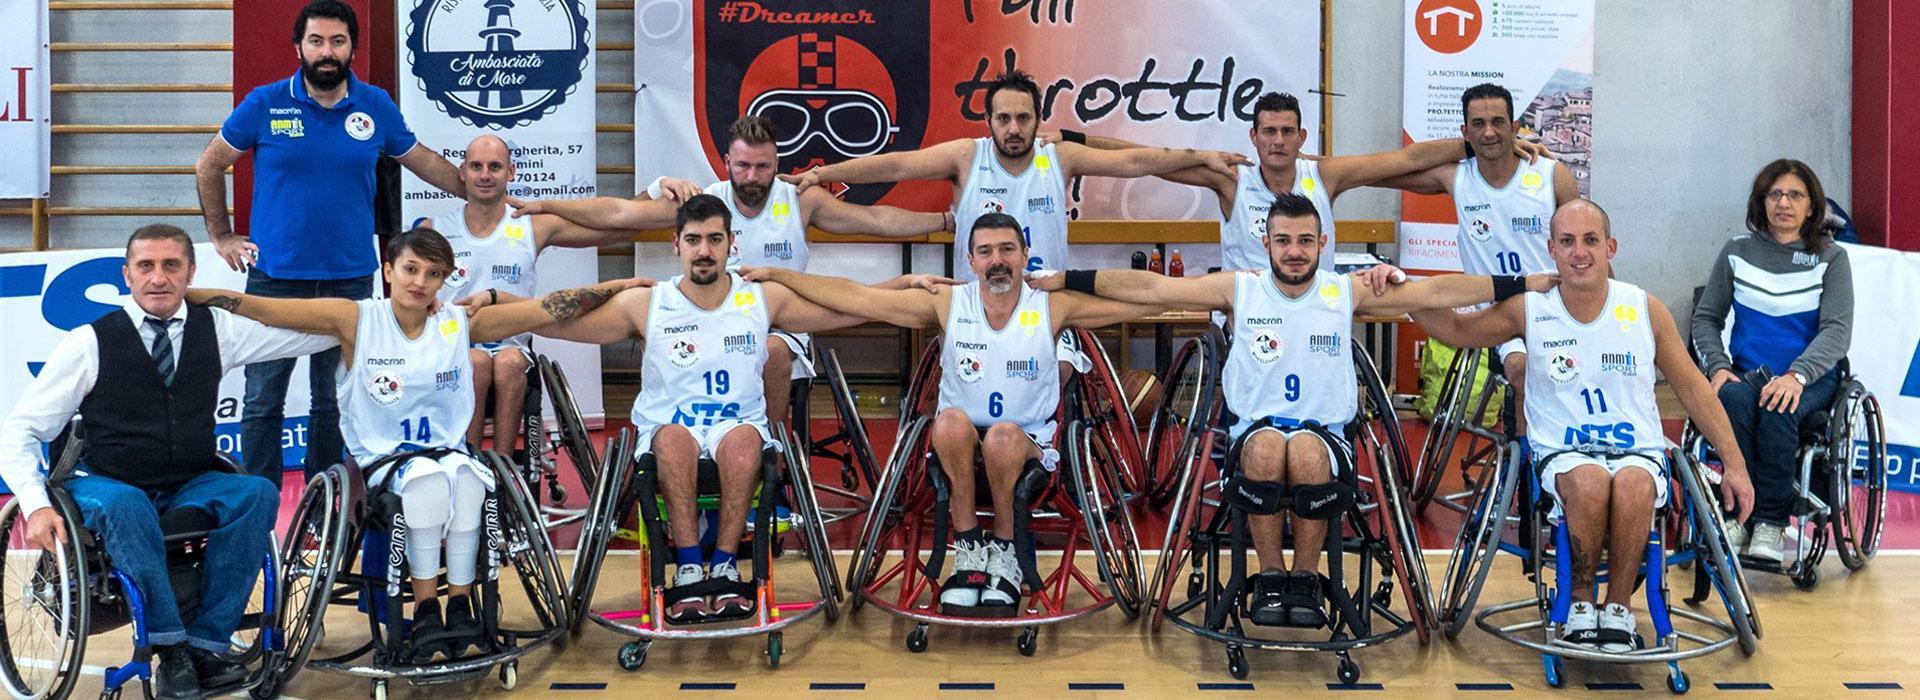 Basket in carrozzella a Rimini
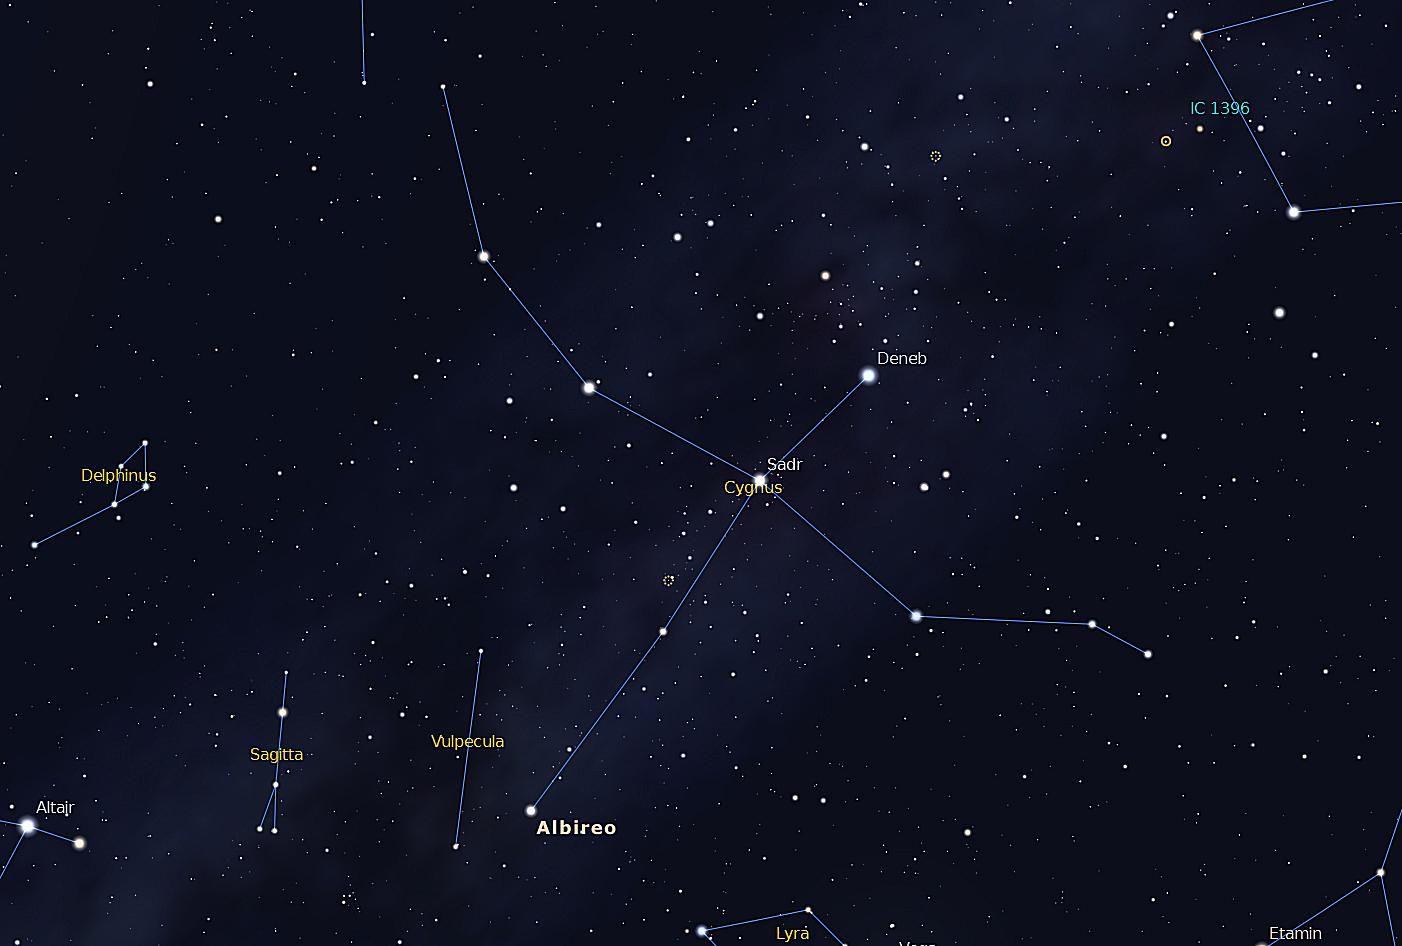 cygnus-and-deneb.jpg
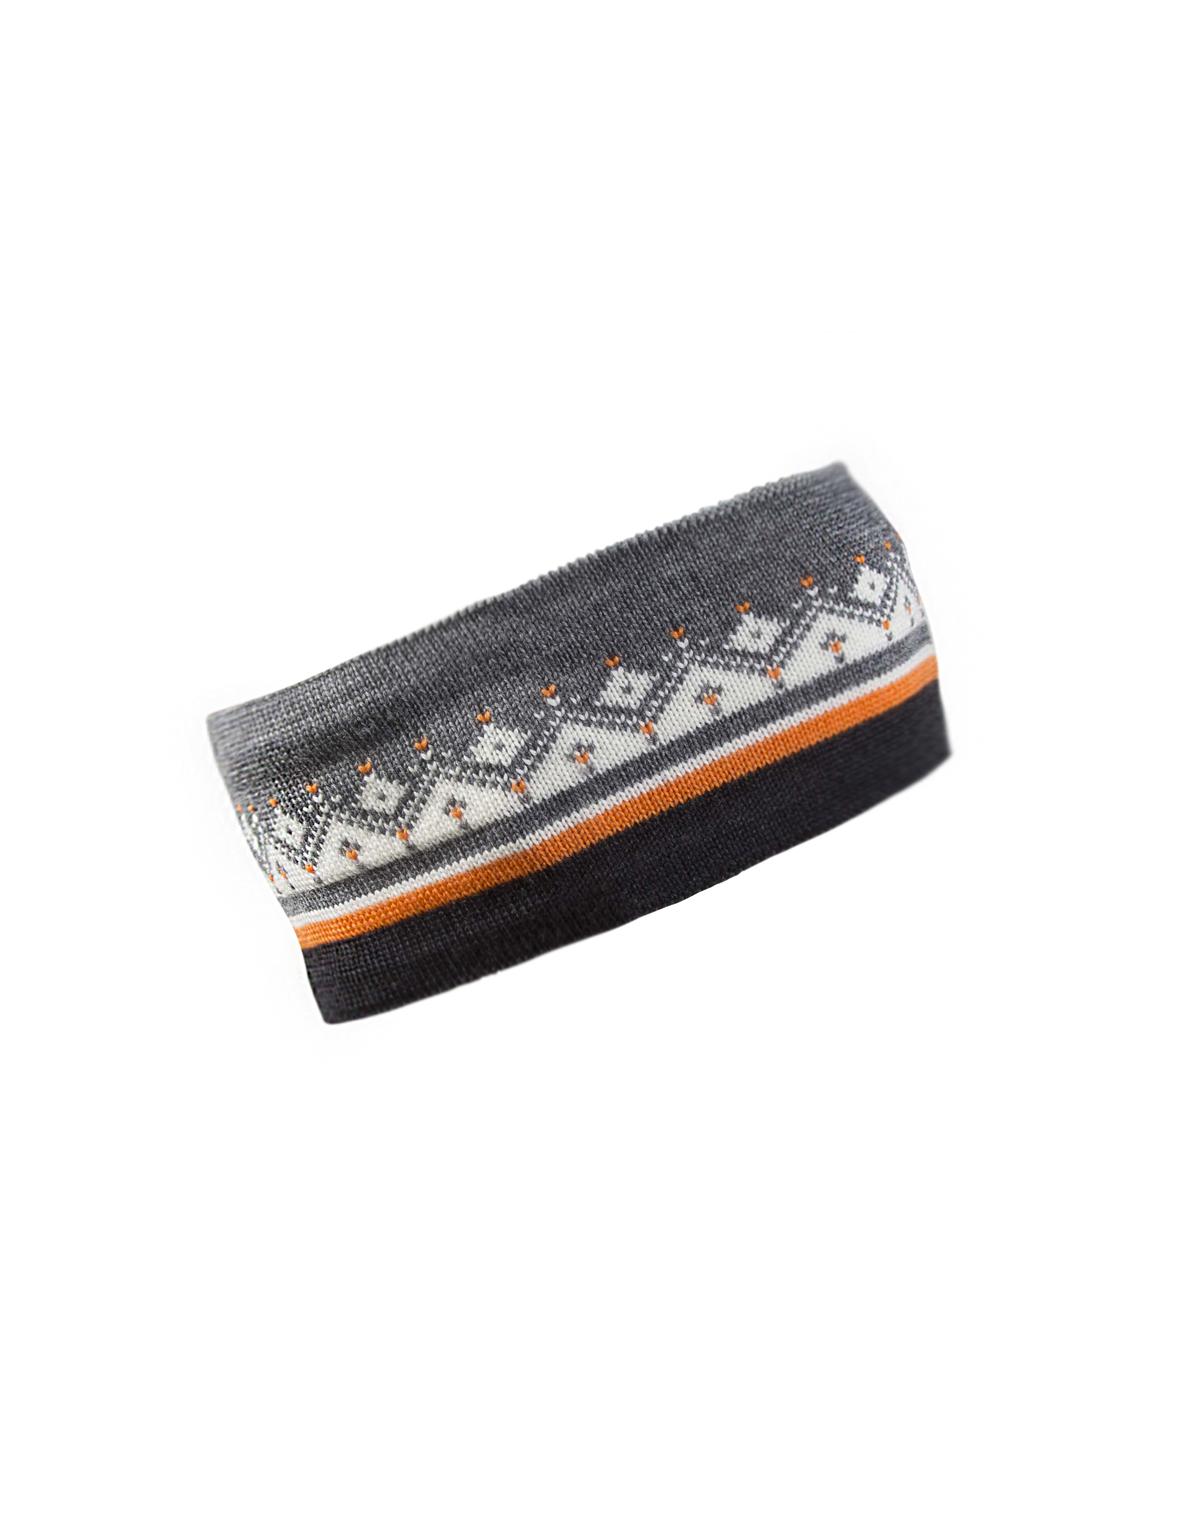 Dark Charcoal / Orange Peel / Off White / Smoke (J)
______________________________
> Task to complete: Exact copy required, pictures excluded: the lines from the one holding "cygnus-and-deneb.jpg" through the last line of the data, both ends included.

> Answer below:
 cygnus-and-deneb.jpg
 Dark Charcoal / Orange Peel / Off White / Smoke (J)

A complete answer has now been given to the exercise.